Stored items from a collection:

━━━━━━━━━━━━━━━━

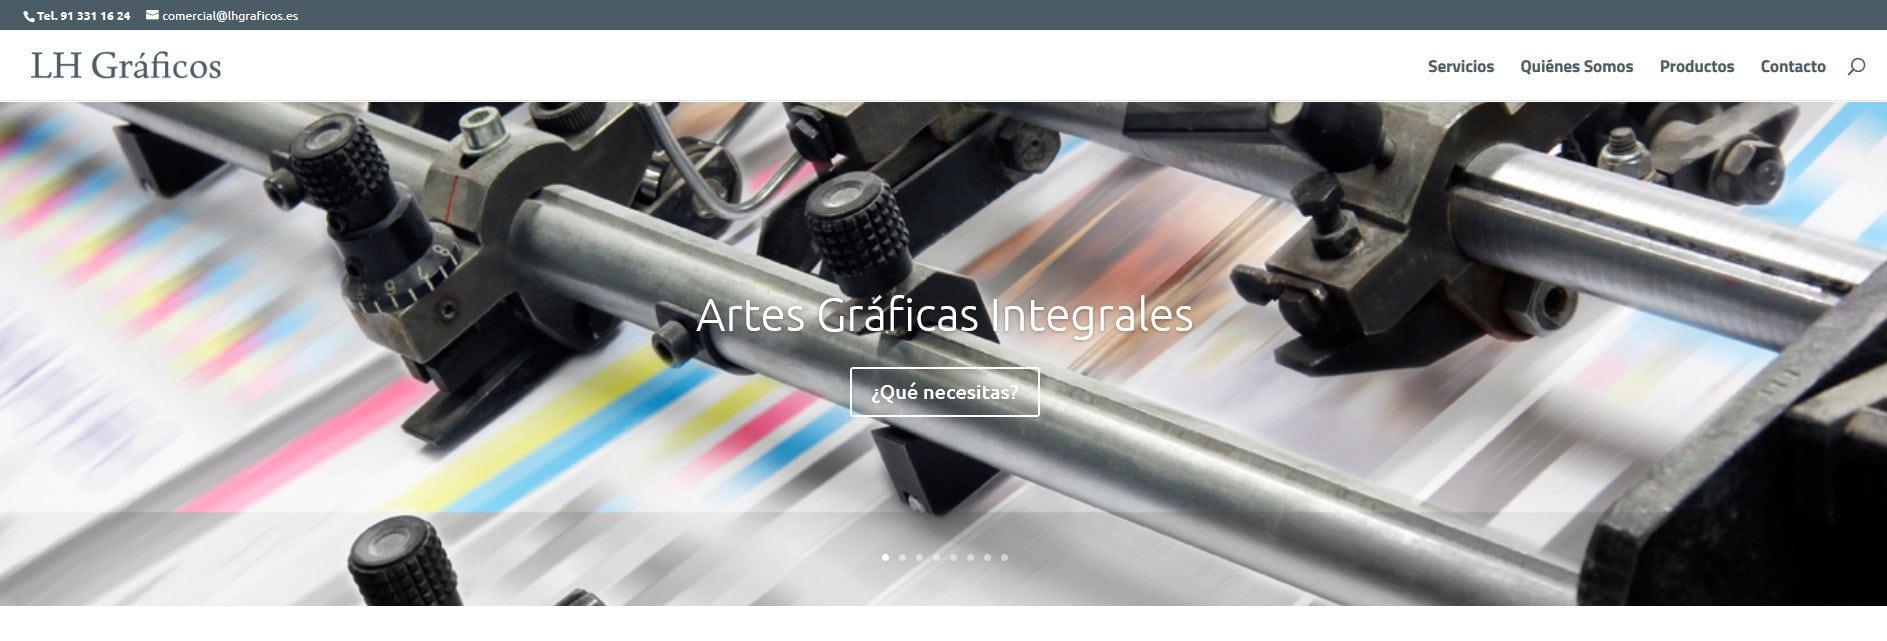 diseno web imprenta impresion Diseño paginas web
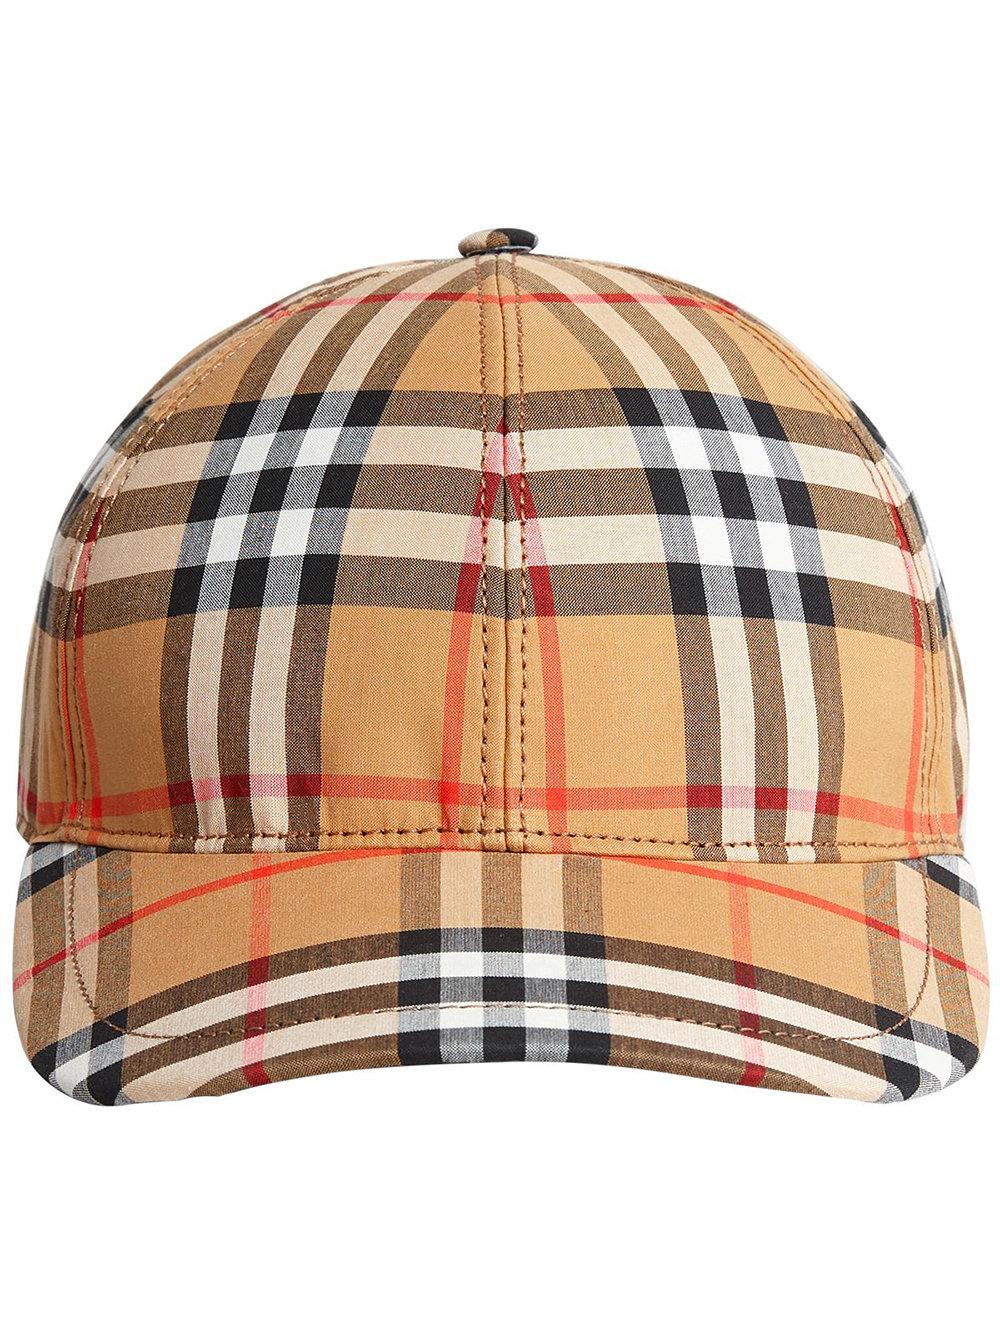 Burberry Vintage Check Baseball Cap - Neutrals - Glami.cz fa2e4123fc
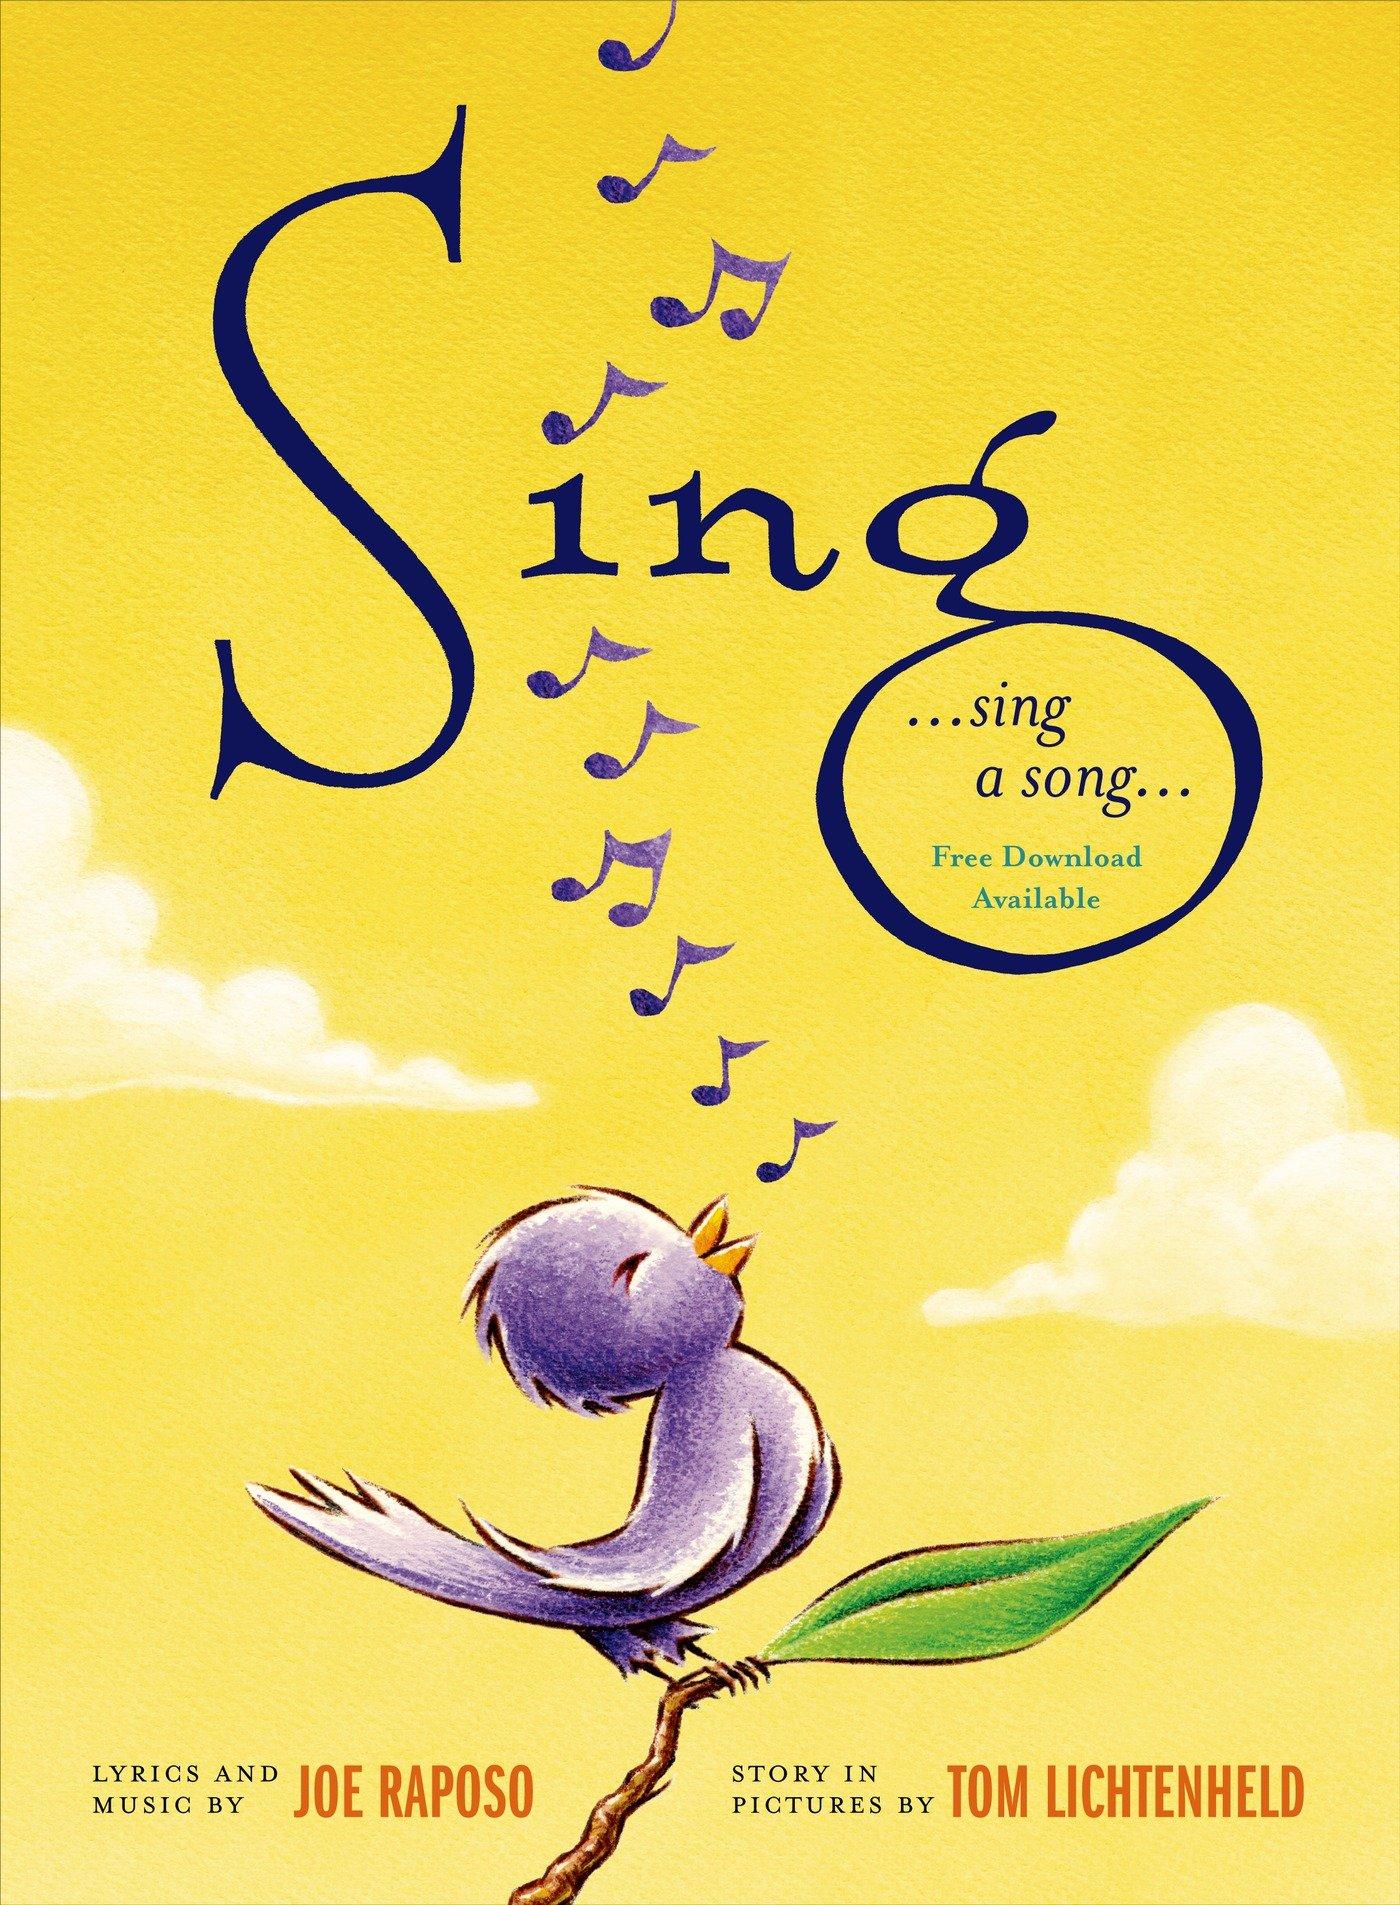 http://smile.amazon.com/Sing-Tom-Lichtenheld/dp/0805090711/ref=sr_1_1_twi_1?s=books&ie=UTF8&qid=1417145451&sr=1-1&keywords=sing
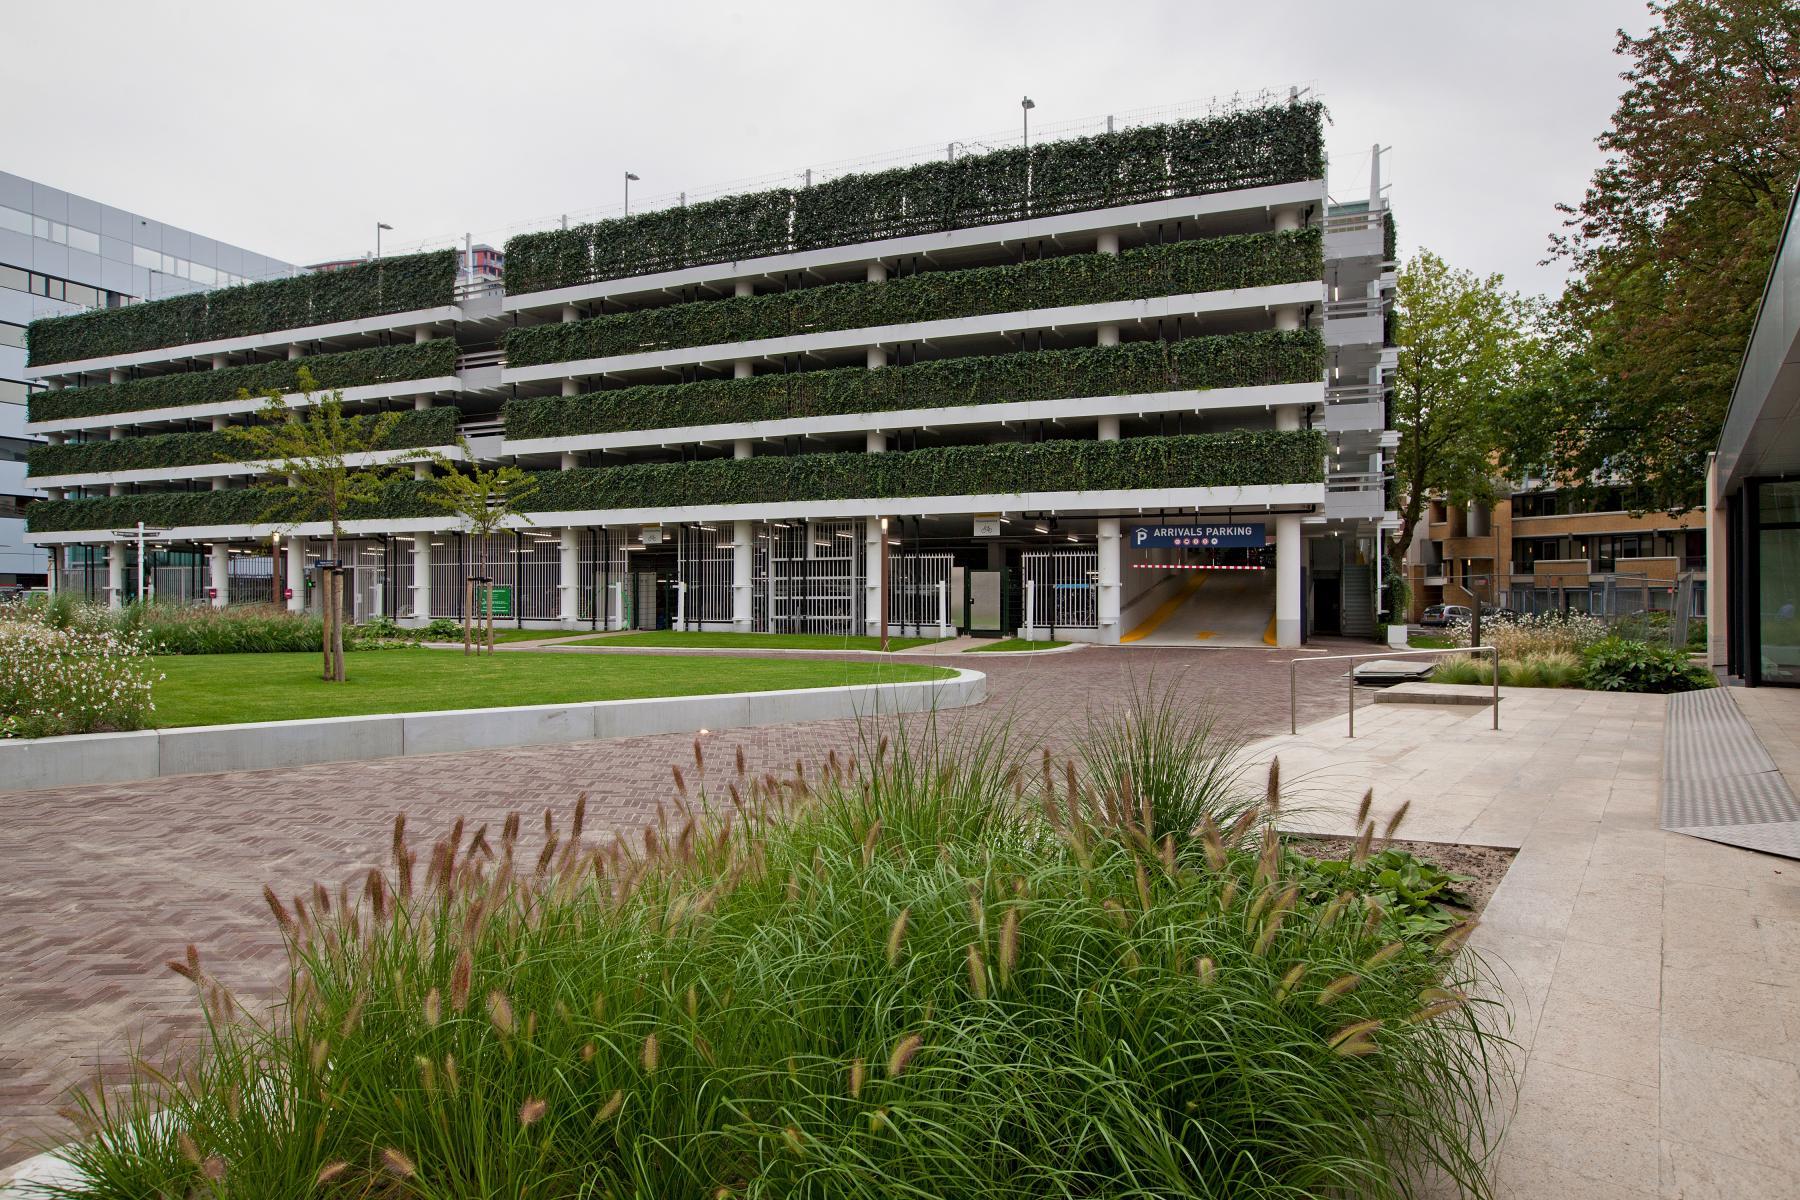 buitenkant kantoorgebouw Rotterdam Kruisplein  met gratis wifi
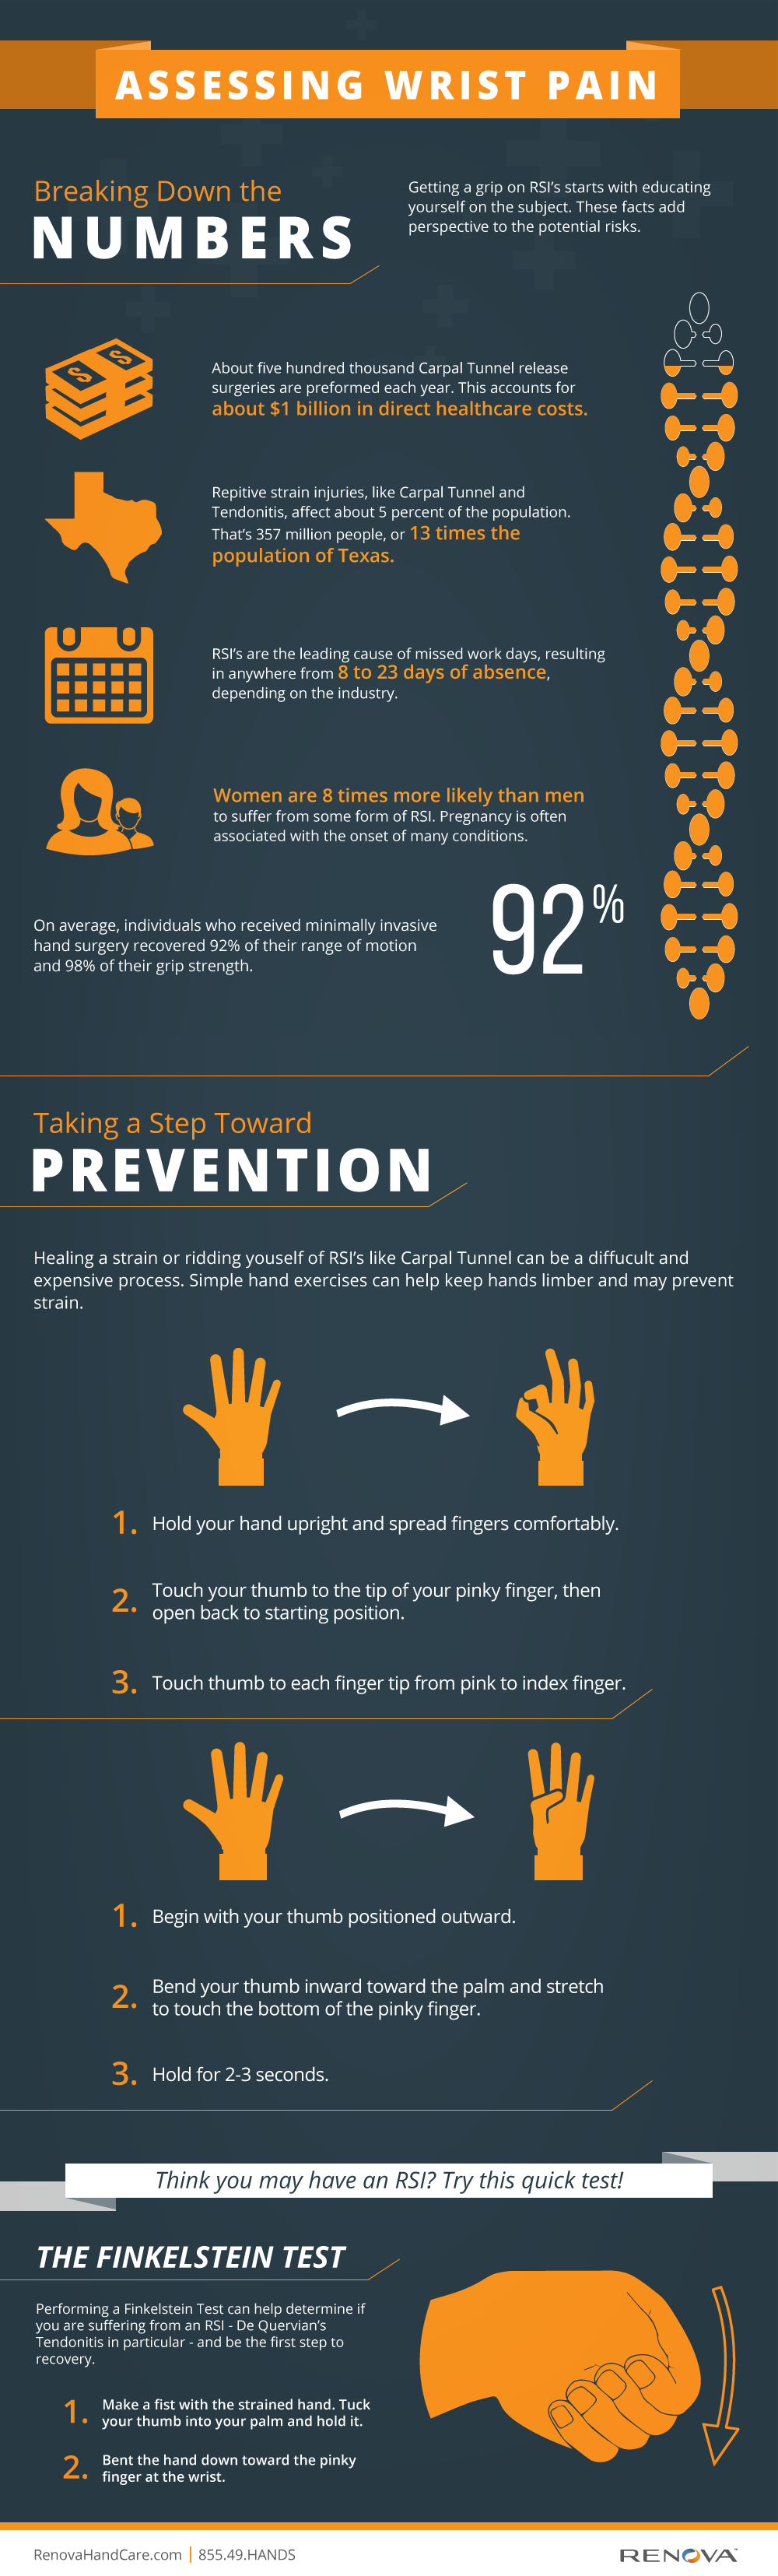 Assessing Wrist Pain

━━━━━━━━━━━━━━━━

Exercise details: Write out each line exactly, from the one containing "Burberry Vintage Check" through the end of the entries, and skip the pictures.

The completed task:
 Burberry Vintage Check Baseball Cap - Neutrals - Glami.cz fa2e4123fc
 http://smile.amazon.com/Sing-Tom-Lichtenheld/dp/0805090711/ref=sr_1_1_twi_1?s=books&ie=UTF8&qid=1417145451&sr=1-1&keywords=sing
 buitenkant kantoorgebouw Rotterdam Kruisplein  met gratis wifi
 Assessing Wrist Pain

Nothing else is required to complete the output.